While making sure that the AI doesn't just learn to "look good to humans" as its objective is a very important and difficult problem in AI safety, and possibly (though not necessarily) a problem we still need to solve for ELK, it isn't the main problem we are trying to solve right now.
But we aren’t primarily trying to train the reporter to have the right objective, we try to train it to have the right structure.
Let me explain...
Forget for a second what you know about ELK.
You want to create an AI that is superhuman at answering questions, i.e. can answer questions humans cannot find an answer for (without years of science or so).
So let's just try to train an AI to answer questions honestly, and we train it on a dataset of (q,a) pairs, where "q" is a question and "a" is the correct answer to the question that humans have determined. (So we don’t have a predictor like in ELK, just train question answering directly.)
(EDIT: Assume the training dataset consists of questions that humans can indeed answer in advance. Actually, it is also possible to have (q,a) pairs where humans only observed the answer, in which case the AI may learn more impressive capabilities and generalize more, but we assume that humans can find the answer "a" given "q".)
So after training for a while, our AI has learned to answer human-level questions correctly.

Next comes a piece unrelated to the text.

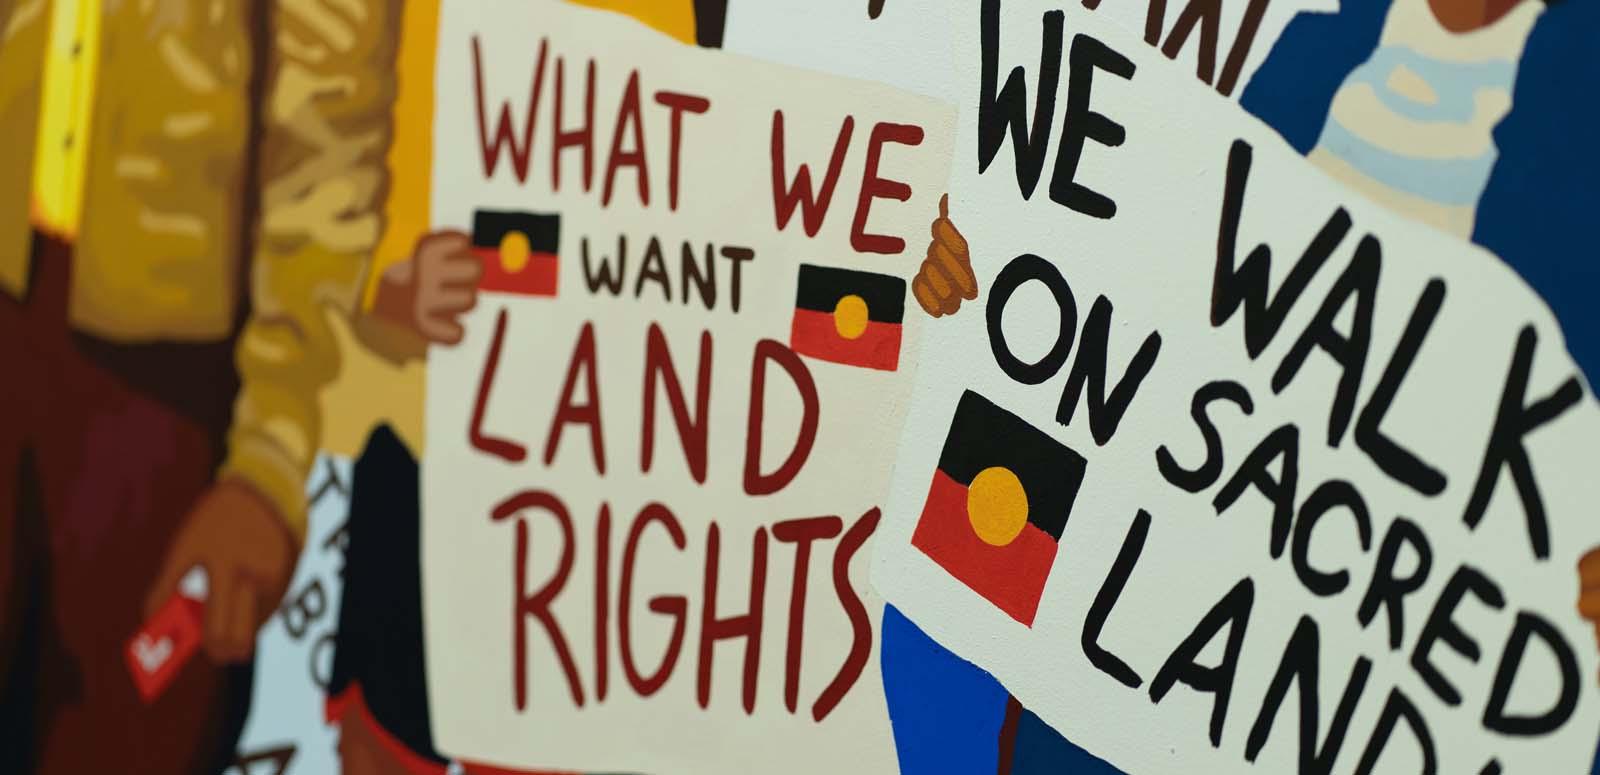 Protesters hold banners calling for Aboriginal land rights at a march

Assume our training set was perfect and contained no mistakes. Do you think the AI will rather have learned "predict what humans think" or "just figure out the answer" as its objective? (Ok actually it may not really have such an explicit objective, and rather learned behavior patterns, but what objective sounds more right to you?)
I would say "just figure out the answer" because it seems to me to be a simpler objective: Even if human reasoning is the simplest way to answer the questions, why would it learn the extra step of explicitly predicting what humans think, instead of "reason (like humans) to figure out the answer"? It may sound to us like the "predict what humans think" is simpler, but it's just because it's a short code, you still need to learn to actually reason like humans, which isn't simpler.
In practice, we won't have a perfect dataset, and the more human biases show through, the more likely it is that the AI will realize that and rather learn "predict what humans think". But I hope the example showed that the objective of "answer correctly" isn't in general much more complex / harder to achieve than "learn what humans want". The problem in ELK is that the direct-translator structure may be much more complex than the human-simulator structure.
Say we now ask the AI (that we just trained on our (q,a) dataset) to answer a question q that is significantly harder than what humans can answer, will it be able to answer the question correctly? Why/why not?
No, it won't. The AI won't be able to, from where should it have learned the capability of doing that? It doesn't matter whether the AI wants to achieve the objective "just look good to humans" or "reason to try to find the right answers".
So how do we get an AI that is superhuman at answering questions?
One possibility are amplification schemes, and there may be other options, but we are now interested in the approach where we train an AI not only on human-labeled data, e.g. make it predict sensor data, so it isn't bounded by what humanity can label.
We call the part that predicts sensor data "predictor" and the part that should answer questions "reporter", and there we are in the ELK setting!
(Ok in the ELK setting we kind of strictly train the predictor before the reporter, which isn’t strictly required, but we’re roughly in an ELK setting.)
So now we are in the ELK setup, we've trained our predictor, and now train our reporter on the training dataset.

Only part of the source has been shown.